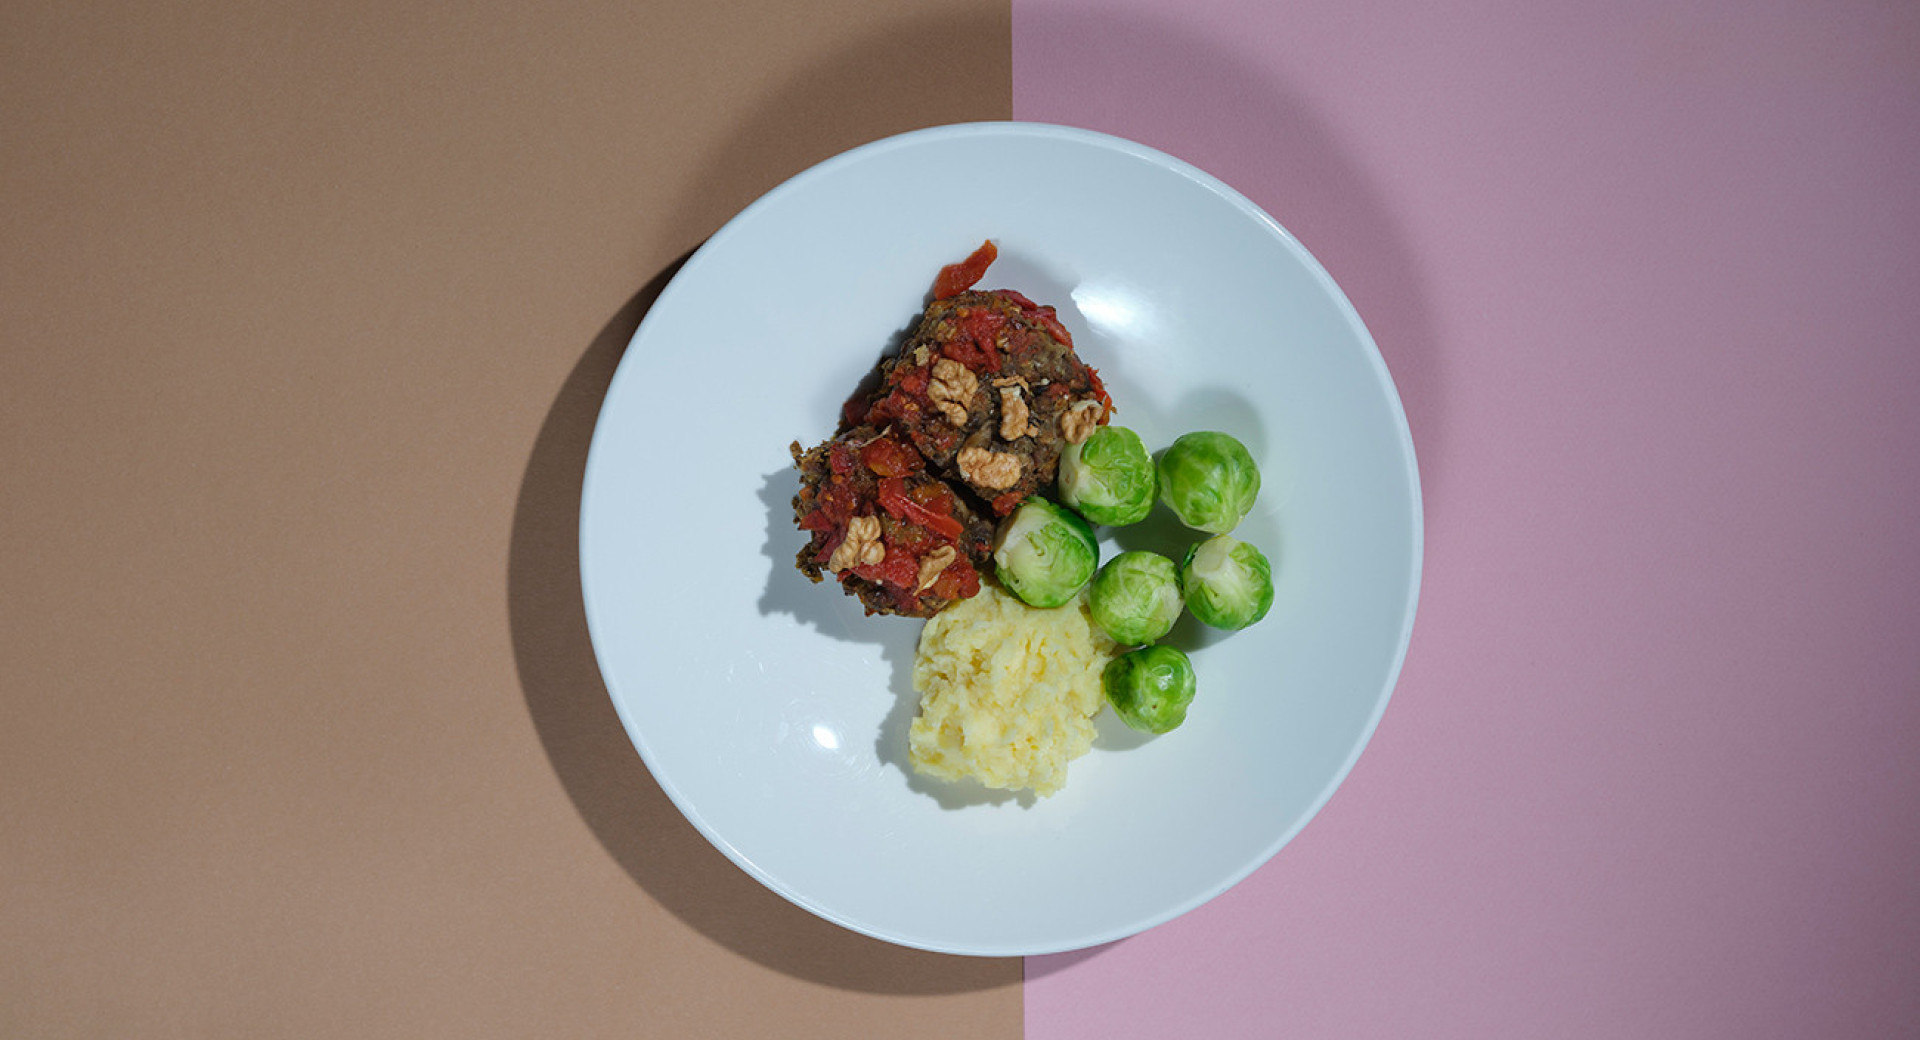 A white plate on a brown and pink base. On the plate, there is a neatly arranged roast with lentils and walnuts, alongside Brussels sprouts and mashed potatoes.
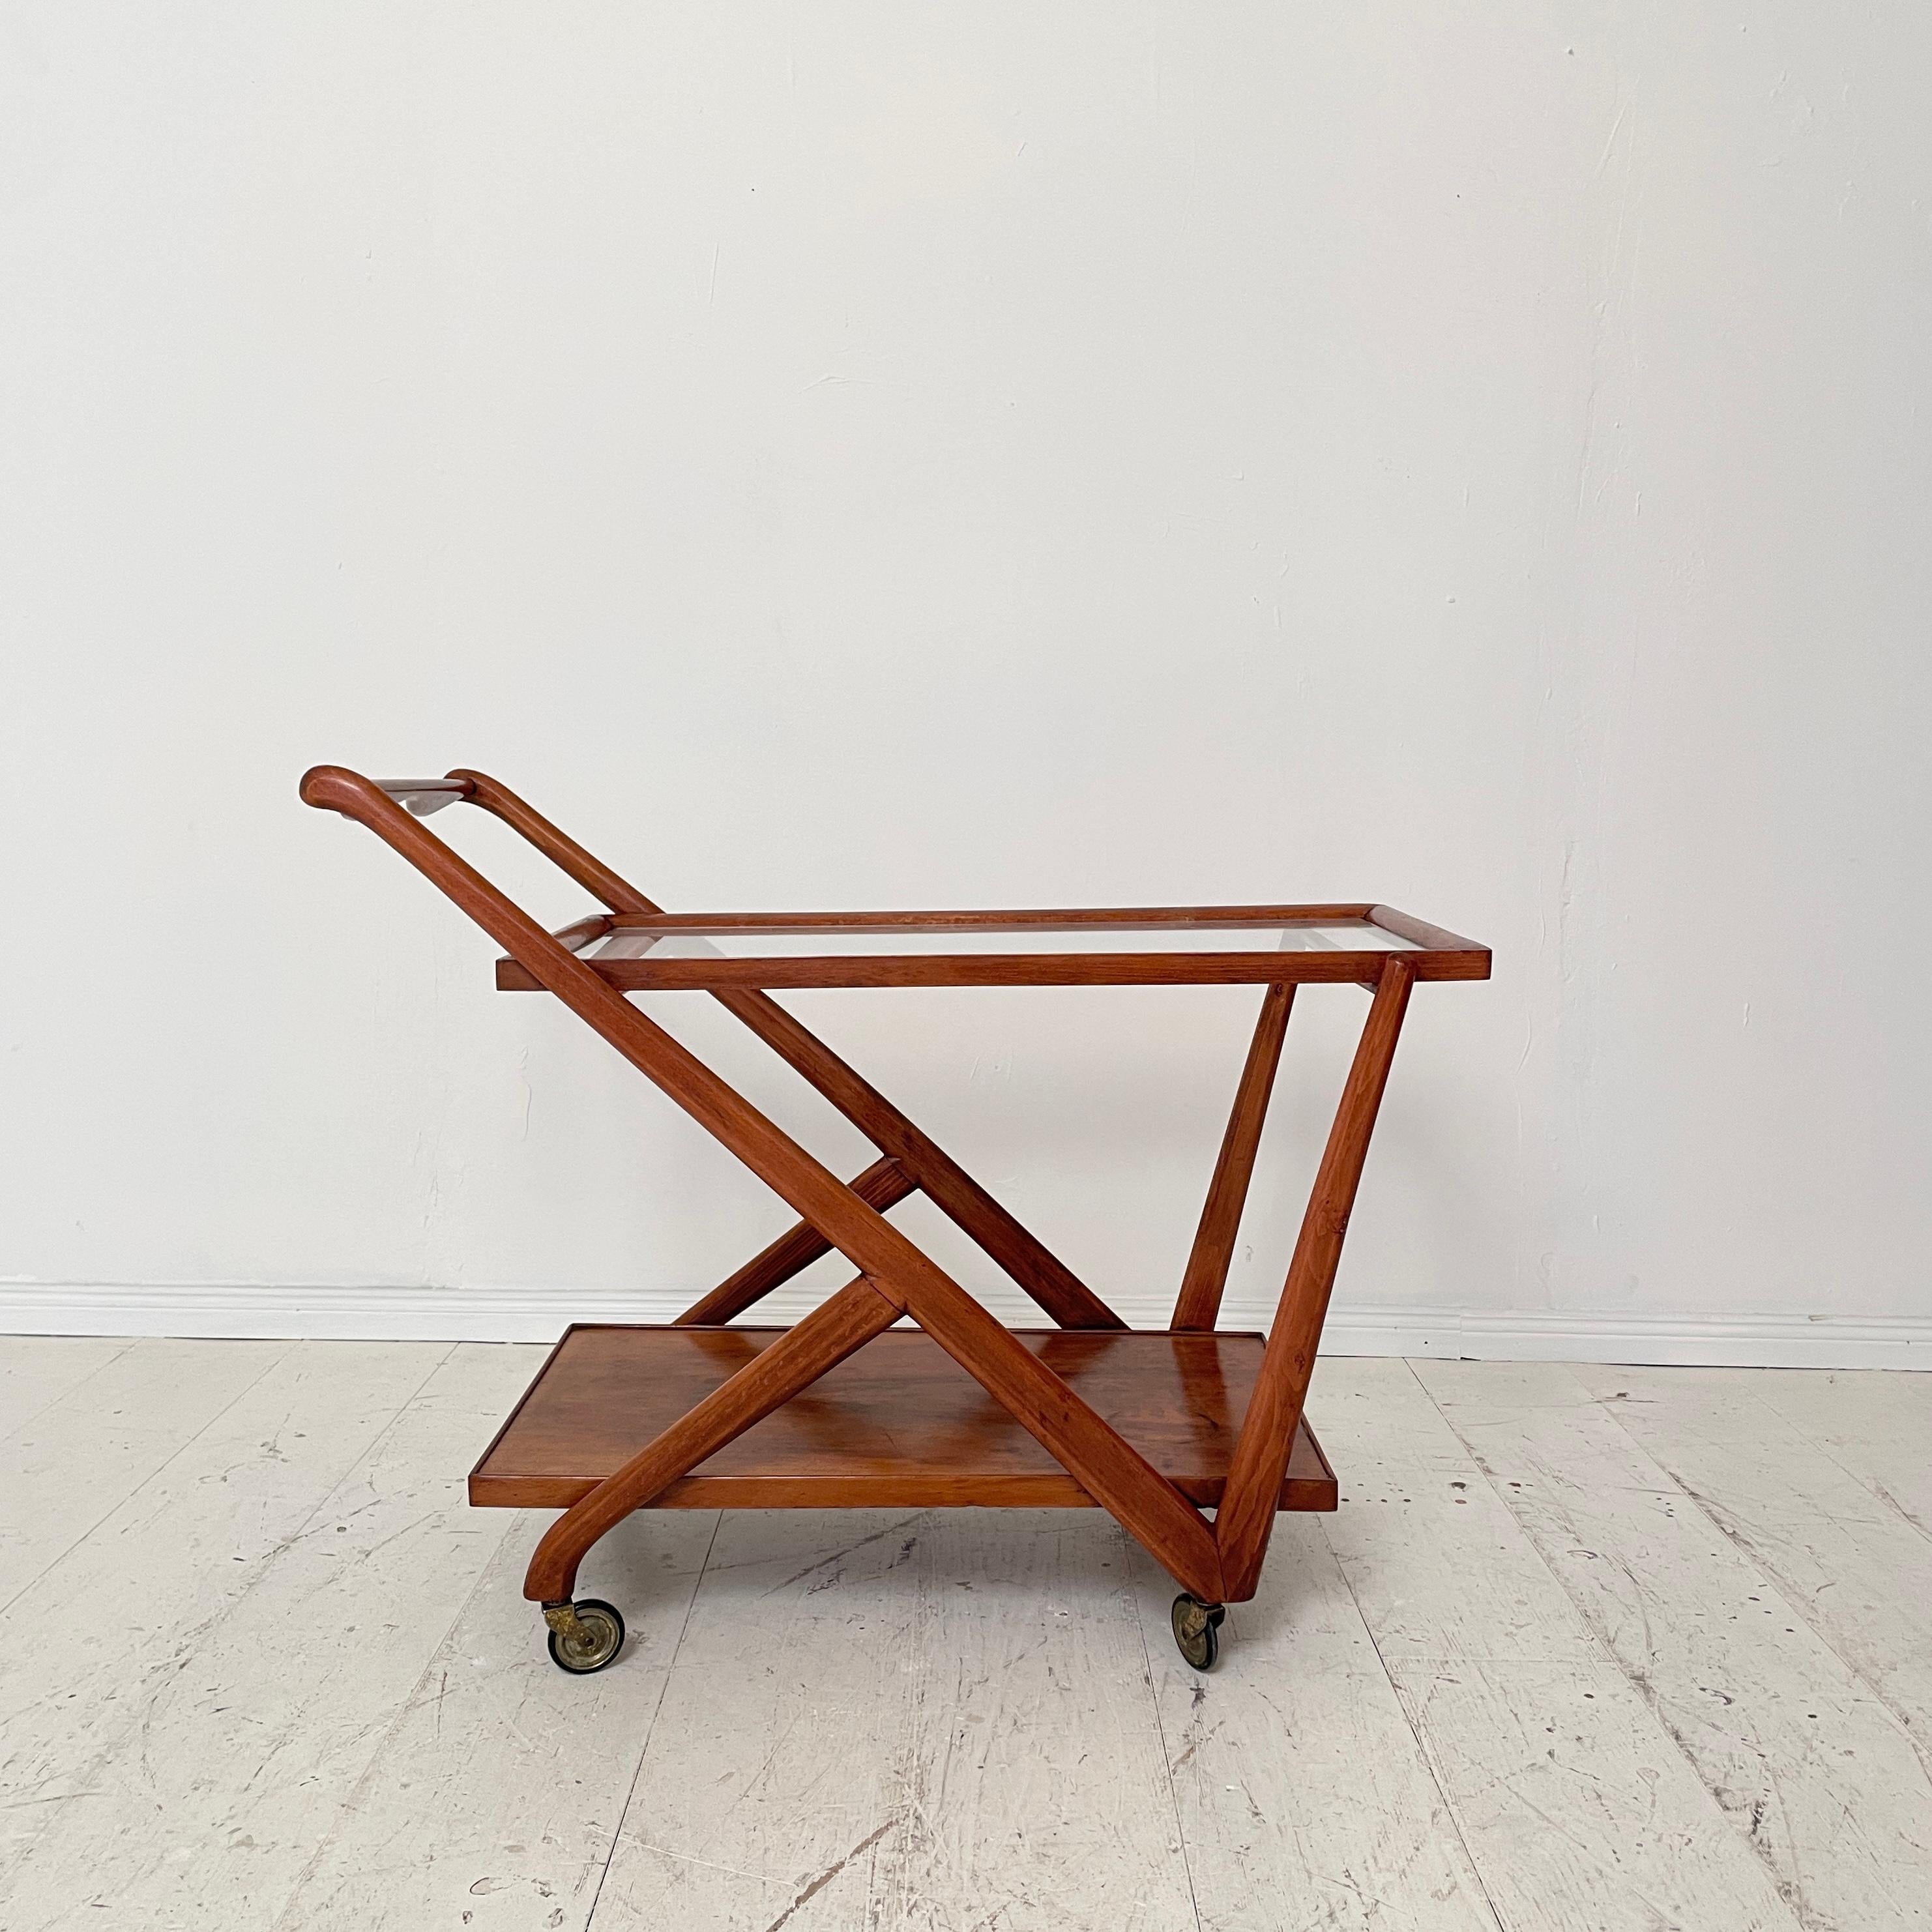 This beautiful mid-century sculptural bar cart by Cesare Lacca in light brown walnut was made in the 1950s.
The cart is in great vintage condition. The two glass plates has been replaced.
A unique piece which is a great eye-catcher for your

---

(Task instructions): Give back the data exactly. Skip any images.

(Task result):
 A white plate on a brown and pink base. On the plate, there is a neatly arranged roast with lentils and walnuts, alongside Brussels sprouts and mashed potatoes.
 This beautiful mid-century sculptural bar cart by Cesare Lacca in light brown walnut was made in the 1950s.
The cart is in great vintage condition. The two glass plates has been replaced.
A unique piece which is a great eye-catcher for your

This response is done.